What is being asked - Copy out all lines in the data below containing the string "Multi".

(Extracted entries begins)

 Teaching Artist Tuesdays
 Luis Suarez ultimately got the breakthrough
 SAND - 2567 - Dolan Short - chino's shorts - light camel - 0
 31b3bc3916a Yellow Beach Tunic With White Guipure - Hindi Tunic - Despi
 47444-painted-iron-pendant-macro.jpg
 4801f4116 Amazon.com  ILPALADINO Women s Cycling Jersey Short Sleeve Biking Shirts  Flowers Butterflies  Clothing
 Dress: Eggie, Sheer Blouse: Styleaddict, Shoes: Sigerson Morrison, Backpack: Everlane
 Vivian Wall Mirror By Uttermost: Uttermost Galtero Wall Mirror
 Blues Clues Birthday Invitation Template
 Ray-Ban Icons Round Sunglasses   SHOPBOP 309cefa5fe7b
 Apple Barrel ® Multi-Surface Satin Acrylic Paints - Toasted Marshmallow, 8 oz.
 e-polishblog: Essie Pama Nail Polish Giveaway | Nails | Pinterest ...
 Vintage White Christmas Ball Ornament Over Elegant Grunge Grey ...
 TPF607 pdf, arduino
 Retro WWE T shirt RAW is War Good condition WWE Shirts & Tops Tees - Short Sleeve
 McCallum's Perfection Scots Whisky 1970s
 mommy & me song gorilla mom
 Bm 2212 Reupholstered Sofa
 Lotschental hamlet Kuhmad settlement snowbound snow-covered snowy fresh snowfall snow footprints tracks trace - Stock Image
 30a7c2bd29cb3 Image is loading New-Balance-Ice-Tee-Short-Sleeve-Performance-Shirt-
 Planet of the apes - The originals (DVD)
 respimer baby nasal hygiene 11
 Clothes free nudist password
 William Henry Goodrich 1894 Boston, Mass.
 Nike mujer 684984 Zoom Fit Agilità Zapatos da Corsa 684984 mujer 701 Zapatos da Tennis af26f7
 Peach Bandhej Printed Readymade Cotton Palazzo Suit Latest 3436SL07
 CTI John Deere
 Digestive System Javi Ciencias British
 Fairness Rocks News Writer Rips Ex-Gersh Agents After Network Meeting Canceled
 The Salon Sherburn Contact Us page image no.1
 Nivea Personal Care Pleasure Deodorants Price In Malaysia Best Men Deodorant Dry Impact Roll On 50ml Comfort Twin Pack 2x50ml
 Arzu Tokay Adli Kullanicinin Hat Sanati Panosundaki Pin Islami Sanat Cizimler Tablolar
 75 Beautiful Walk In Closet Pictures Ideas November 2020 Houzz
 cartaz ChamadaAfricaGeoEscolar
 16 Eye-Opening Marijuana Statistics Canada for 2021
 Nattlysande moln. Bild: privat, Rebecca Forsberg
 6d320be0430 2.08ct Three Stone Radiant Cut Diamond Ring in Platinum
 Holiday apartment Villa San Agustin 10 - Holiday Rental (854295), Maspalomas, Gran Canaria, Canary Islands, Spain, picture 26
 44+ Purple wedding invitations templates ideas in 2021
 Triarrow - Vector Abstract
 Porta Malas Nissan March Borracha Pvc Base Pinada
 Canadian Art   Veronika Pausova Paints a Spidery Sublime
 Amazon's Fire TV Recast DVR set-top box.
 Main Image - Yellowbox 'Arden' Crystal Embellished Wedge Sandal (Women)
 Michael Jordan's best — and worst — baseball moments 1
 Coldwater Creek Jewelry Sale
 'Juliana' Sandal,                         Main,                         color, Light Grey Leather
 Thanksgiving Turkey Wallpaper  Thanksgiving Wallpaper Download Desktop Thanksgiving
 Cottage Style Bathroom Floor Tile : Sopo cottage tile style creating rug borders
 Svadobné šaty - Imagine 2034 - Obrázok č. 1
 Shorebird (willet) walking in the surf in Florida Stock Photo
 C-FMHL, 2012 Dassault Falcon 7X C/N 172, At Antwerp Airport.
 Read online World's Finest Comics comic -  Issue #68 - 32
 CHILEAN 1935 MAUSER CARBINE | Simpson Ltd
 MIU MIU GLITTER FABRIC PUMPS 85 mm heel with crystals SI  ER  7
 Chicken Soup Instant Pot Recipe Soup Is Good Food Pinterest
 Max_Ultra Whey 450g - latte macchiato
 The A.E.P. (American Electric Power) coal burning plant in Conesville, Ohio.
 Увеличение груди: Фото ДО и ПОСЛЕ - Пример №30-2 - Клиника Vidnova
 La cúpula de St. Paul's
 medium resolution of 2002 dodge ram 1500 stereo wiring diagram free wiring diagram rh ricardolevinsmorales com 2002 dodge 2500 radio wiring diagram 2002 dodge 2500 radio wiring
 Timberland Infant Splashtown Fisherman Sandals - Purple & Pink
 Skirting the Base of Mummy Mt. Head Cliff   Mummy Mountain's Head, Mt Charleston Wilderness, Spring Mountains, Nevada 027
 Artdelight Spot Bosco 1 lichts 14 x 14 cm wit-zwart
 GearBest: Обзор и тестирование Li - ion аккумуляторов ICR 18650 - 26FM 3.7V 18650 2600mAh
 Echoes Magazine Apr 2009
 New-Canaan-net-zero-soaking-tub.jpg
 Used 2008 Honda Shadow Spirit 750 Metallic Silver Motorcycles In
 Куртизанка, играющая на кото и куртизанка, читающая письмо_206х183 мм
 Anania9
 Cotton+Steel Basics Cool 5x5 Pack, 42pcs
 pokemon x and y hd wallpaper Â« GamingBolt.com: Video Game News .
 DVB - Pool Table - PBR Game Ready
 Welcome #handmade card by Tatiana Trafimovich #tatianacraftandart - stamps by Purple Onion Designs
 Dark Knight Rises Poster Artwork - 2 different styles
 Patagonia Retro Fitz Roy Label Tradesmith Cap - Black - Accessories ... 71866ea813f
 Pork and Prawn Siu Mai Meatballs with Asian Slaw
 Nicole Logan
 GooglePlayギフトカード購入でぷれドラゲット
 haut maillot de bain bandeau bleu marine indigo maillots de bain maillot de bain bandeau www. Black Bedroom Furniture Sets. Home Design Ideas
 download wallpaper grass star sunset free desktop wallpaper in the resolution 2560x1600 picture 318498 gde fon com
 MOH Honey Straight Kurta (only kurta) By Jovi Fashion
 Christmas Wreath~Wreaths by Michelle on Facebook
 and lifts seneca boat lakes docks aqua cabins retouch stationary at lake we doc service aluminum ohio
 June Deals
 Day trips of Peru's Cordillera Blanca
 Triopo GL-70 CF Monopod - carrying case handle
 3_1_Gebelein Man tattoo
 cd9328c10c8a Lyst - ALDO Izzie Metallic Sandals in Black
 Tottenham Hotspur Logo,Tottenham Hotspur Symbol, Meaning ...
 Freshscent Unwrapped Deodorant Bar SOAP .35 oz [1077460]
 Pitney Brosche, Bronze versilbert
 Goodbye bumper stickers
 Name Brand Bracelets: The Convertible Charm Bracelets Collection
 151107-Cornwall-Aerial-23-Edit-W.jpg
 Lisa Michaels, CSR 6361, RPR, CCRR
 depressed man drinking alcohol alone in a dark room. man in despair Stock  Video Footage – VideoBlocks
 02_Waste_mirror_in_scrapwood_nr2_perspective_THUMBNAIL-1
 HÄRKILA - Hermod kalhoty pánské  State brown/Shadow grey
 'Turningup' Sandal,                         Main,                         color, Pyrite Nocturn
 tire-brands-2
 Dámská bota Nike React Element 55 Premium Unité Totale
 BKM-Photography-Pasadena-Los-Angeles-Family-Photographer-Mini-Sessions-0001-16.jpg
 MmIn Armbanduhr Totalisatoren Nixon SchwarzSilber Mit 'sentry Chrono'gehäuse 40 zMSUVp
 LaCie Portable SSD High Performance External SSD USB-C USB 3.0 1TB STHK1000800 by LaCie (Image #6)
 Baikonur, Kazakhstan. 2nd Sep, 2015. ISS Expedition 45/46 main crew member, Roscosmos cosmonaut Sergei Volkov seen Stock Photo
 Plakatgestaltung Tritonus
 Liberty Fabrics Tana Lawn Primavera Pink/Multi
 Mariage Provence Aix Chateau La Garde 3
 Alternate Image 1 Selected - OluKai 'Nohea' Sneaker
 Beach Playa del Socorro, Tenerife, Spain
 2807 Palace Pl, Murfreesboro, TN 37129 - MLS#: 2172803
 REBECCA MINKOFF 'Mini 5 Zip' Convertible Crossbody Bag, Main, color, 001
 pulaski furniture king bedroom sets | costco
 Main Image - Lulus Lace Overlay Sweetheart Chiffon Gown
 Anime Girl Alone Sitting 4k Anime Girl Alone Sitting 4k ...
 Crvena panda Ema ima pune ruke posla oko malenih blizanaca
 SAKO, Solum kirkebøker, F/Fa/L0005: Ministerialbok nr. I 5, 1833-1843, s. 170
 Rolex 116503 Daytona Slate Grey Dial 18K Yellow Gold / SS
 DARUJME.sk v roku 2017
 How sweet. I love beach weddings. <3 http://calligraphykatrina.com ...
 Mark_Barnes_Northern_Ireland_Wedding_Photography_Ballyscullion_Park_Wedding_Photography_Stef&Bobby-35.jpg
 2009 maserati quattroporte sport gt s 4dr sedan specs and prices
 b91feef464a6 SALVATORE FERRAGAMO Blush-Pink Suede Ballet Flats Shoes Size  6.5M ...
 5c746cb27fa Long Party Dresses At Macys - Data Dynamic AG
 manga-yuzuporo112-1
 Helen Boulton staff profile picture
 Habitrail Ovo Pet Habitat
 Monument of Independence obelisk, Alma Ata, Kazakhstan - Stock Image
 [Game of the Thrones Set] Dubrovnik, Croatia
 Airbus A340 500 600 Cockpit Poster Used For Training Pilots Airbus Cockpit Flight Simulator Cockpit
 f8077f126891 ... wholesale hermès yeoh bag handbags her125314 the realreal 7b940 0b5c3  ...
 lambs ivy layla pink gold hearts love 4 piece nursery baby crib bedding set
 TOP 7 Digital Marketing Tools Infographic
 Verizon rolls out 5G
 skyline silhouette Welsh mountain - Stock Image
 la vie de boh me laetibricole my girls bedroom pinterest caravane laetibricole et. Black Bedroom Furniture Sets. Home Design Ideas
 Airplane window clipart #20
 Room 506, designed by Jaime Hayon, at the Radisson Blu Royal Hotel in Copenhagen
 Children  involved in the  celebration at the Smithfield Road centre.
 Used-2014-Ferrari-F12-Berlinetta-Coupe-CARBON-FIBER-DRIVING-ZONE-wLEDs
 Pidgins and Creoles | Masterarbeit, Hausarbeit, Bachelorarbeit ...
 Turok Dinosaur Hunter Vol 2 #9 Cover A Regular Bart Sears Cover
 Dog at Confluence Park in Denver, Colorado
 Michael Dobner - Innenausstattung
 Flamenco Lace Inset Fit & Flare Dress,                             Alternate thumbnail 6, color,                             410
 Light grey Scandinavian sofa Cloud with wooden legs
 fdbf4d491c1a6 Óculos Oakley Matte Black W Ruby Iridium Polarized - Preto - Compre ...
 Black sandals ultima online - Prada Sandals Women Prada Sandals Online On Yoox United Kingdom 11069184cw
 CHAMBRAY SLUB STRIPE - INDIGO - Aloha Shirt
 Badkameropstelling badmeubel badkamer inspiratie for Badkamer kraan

(Extracted entries ends)

Reply to the exercise -
 Apple Barrel ® Multi-Surface Satin Acrylic Paints - Toasted Marshmallow, 8 oz.
 Liberty Fabrics Tana Lawn Primavera Pink/Multi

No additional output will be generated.